For those not familiar with this pseudo-science, Lysenkoism was a Soviet spin on genetics, based on a tortured application of dialectical materialism instead of the works of people like Darwin, Watson, and Crick. Stalin ordered Lysenkoist methods applied to Soviet agriculture; the results were a disaster, killing millions in the pre-WWII famines. Lysenko didn't have his facts straight, and Lysenkoism never went through the kind of scientific review on which "bourgeois" scientists insisted. It did have the favor of Stalin, which is all that mattered. If you want to know what happens when you grant power to people presumed to have "their hearts in the right places," but virulently resistant to any facts, take a long, good look at the horrific legacy of Trofim Lysenko.
Should we be surprised, therefore, that when the Bush Administration discards fact for orthodoxy, we get a DHS that echoes a crazy, right-wing notion of who's really a threat? Or, for that matter, a Justice Department that is willing to cut a deal with Eric Rudolph, accused of the Olympic park bombing as well as a series of abortion clinic bombings? Before you congratulate the federal authorities on a job well done, remember who captured Rudolph: an off-duty police officer, who found Rudolph digging through a dumpster in his home town, where, possibly, people he knew helped hide him.

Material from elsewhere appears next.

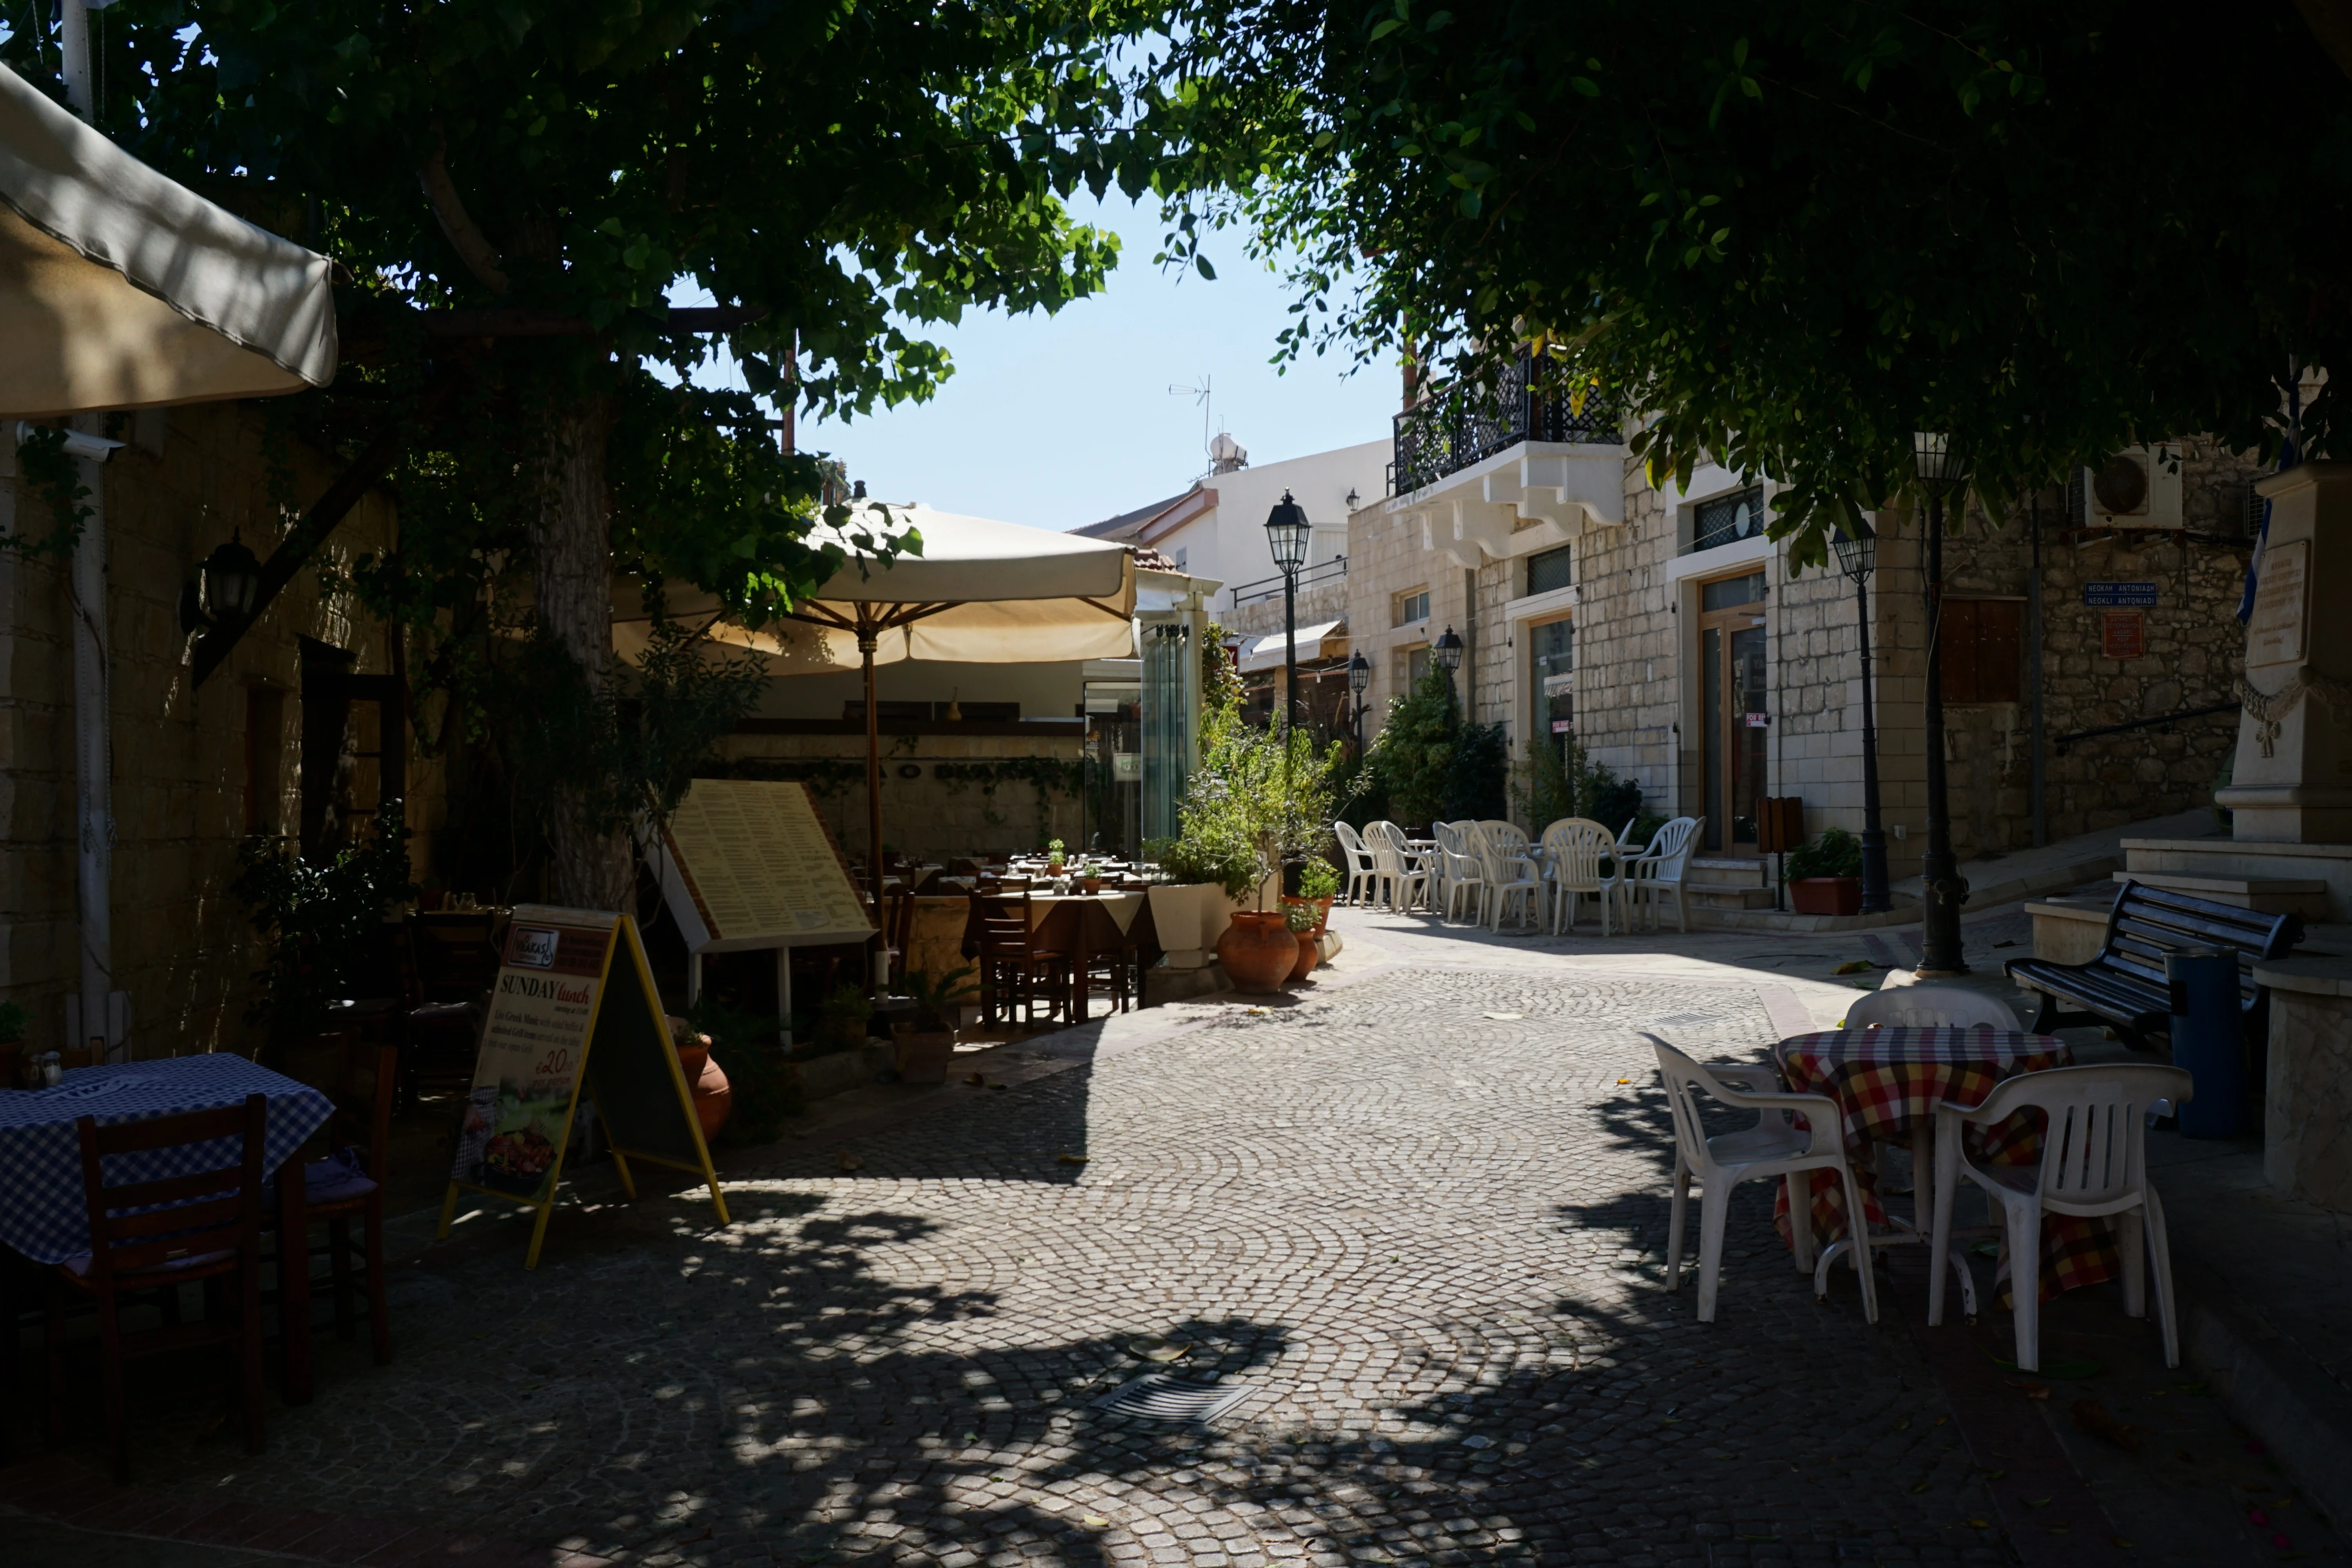 Visiting the small villages in Cyprus is one of the best things to do on the island

Meanwhile, there's apparently no cell dark or dank enough for someone with a Middle Eastern-sounding name who went to Afghanistan during the Taliban regime, was trained in light weapons, and (according to their testimony) returned post haste to the United States when they learned the nasty truth about the people running the jihadist camps. According to American law, people who commit crimes are supposed to be punished harder than people who are just planning them—or, in the case of the Lackawanna Six, might have planned something. (There was no actual evidence they were planning terrorist attacks, even if they were less shocked by their Al Qaeda and Taliban trainers than they claimed.)
The DHS has produced no measurable results. In fact, when Congress raised the question of how the DHS measures progress in its work, it had almost nothing to say about the matter. Money, of course, is spent. But has a single terrorist attack been averted by the color-coded alerts? Has the bureaucratic consolidation of many agencies into one demonstrably led to the capture of a single terrorist suspect? Has the good work of the DHS relieved the burden of defending our own borders? Or, as a recent study has called into question, are the airlines any safer now than they were on September 10, 2001?

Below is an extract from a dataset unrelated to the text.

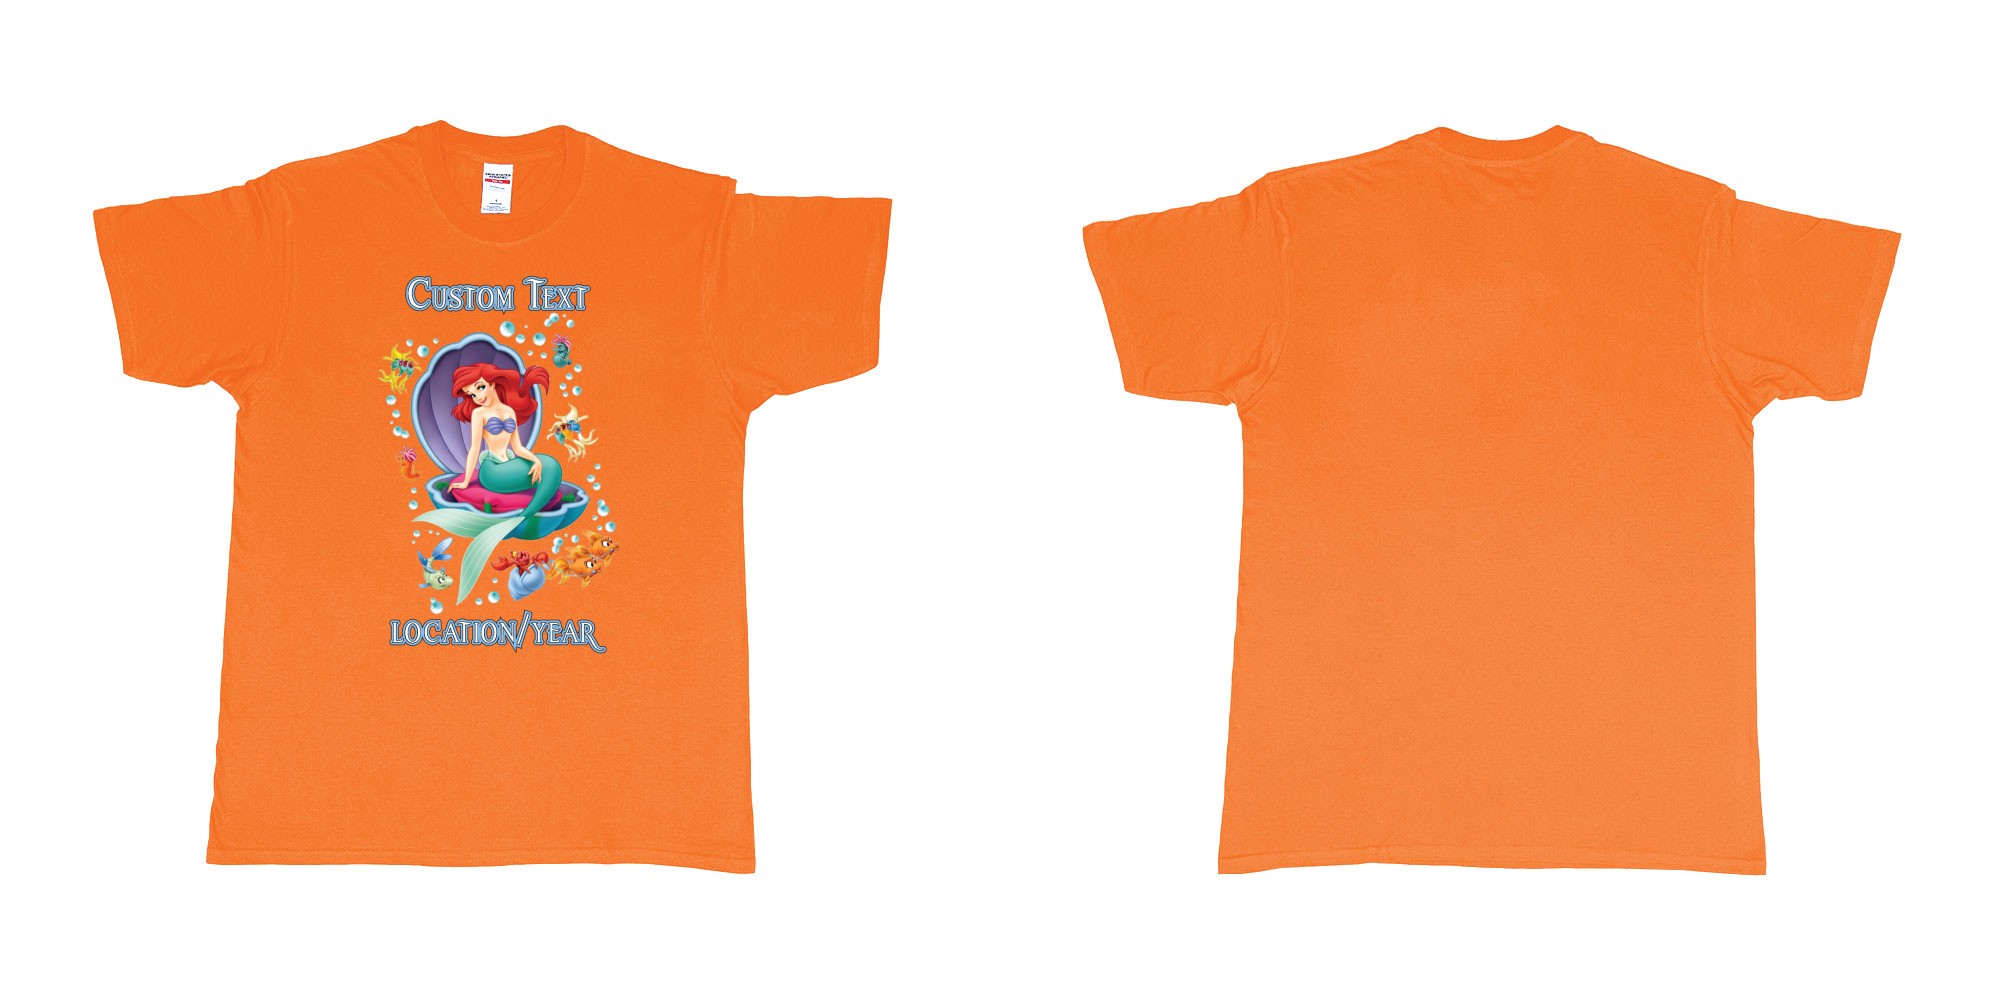 Custom tshirt design little mermaid shell birthday in fabric color orange choice your own text made in Bali by The Pirate Way

If the DHS' budget is being wasted on a feckless organization, but terrorists are truly prowling the periphery and interior of our country, the Department of Homeland Security is worse than useless. It wastes resources that should be available to people who actually can produce results. (Or, perhaps, the number of actual terrorists poised to strike is far smaller than the public thinks it is.)
But, of course, all these points are immaterial, as long as the person at the top of the organization is happy with what he hears. Don't forget that the reigning orthodoxy in the White House is ideologically not too far from the Eric Rudolphs hiding in the woods: anti-government, confident in its revivalist faith, ready to fight the culture war anywhere, any time. There is, of course, a critical difference in methods. But bureaucrats, whether they're cynical opportunists or fervent enthusiasts, take their cues from the people at the top of the org chart. The message heard from the White House is far too silent, or far too ambiguous, about homegrown terrorism. And the DHS is far, far from being the efficient, knowledgeable, and respected counterweight to foolishness that it needs to be.